__DESCRIPTION OF THE TASK__. Only the lines from the one with "HP Colour 126A" through the last line of the data below are to be duplicated, exactly and without pictures.

__DATASET EXCERPT__.
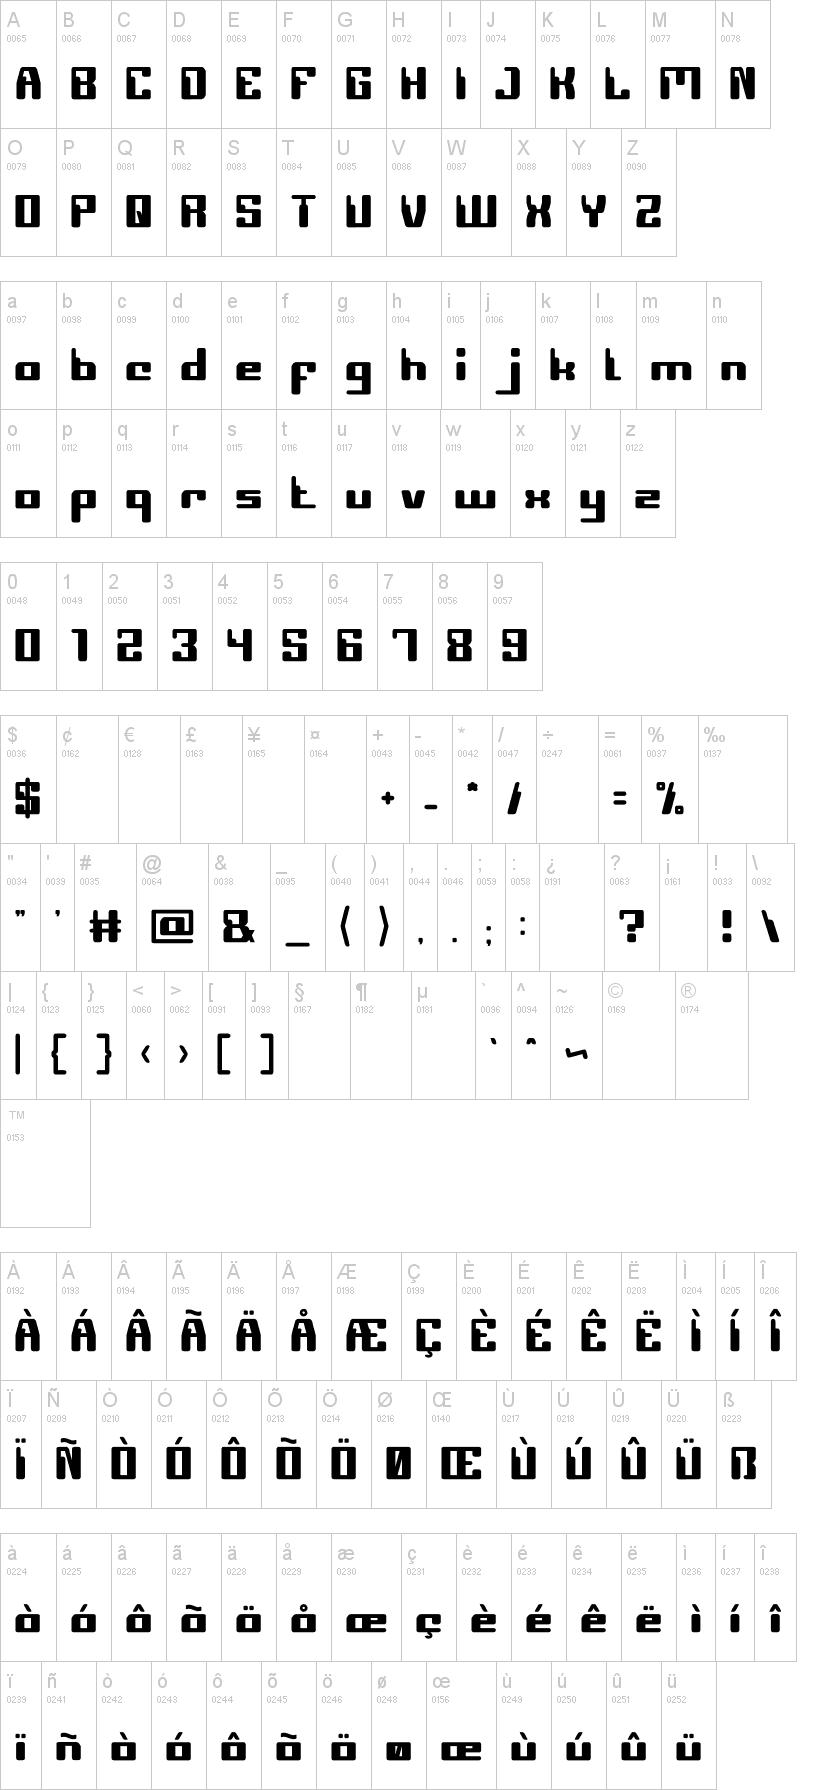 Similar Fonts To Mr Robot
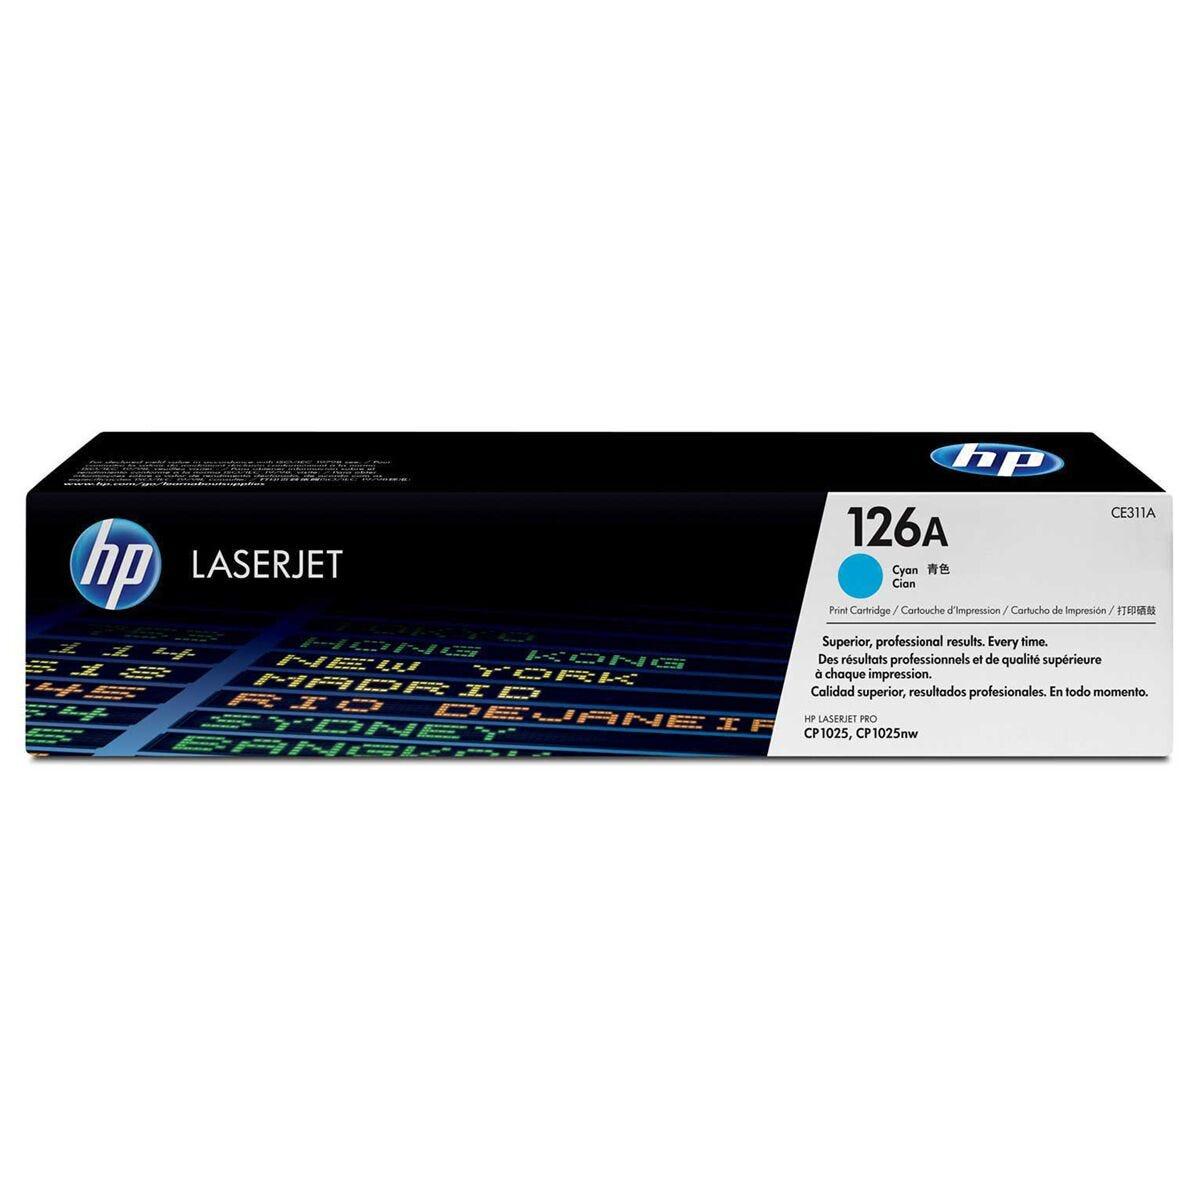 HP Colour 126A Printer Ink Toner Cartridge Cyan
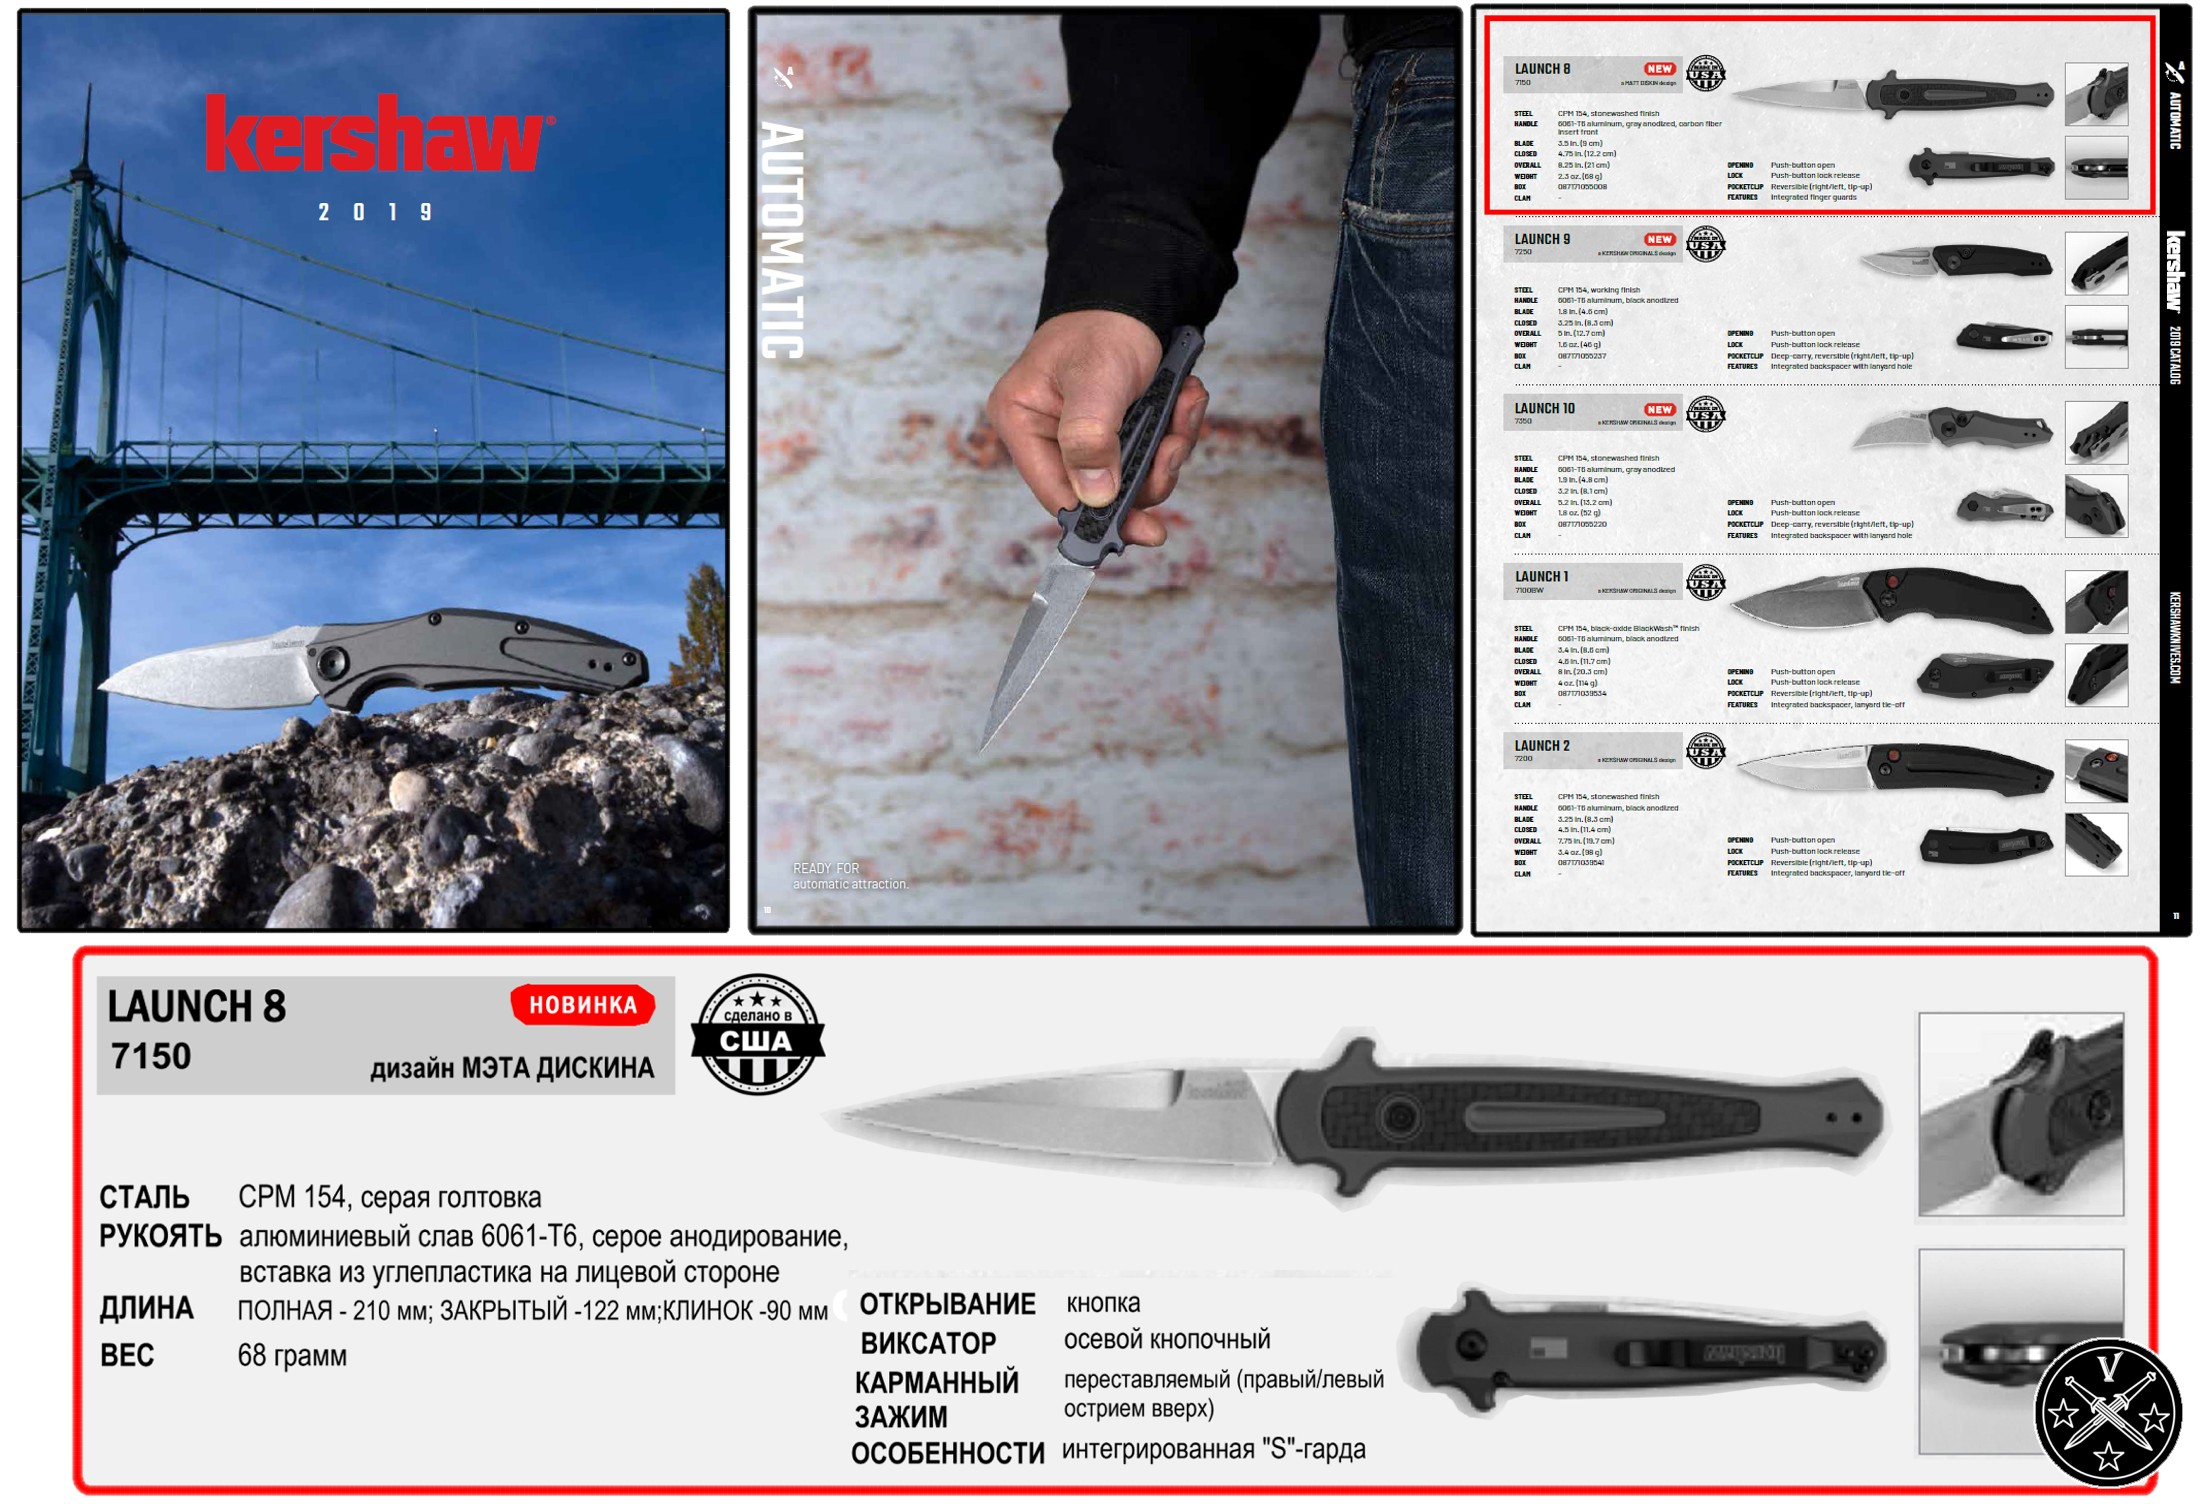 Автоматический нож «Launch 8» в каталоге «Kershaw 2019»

__REPLY TO THE TASK__.
 HP Colour 126A Printer Ink Toner Cartridge Cyan
 Автоматический нож «Launch 8» в каталоге «Kershaw 2019»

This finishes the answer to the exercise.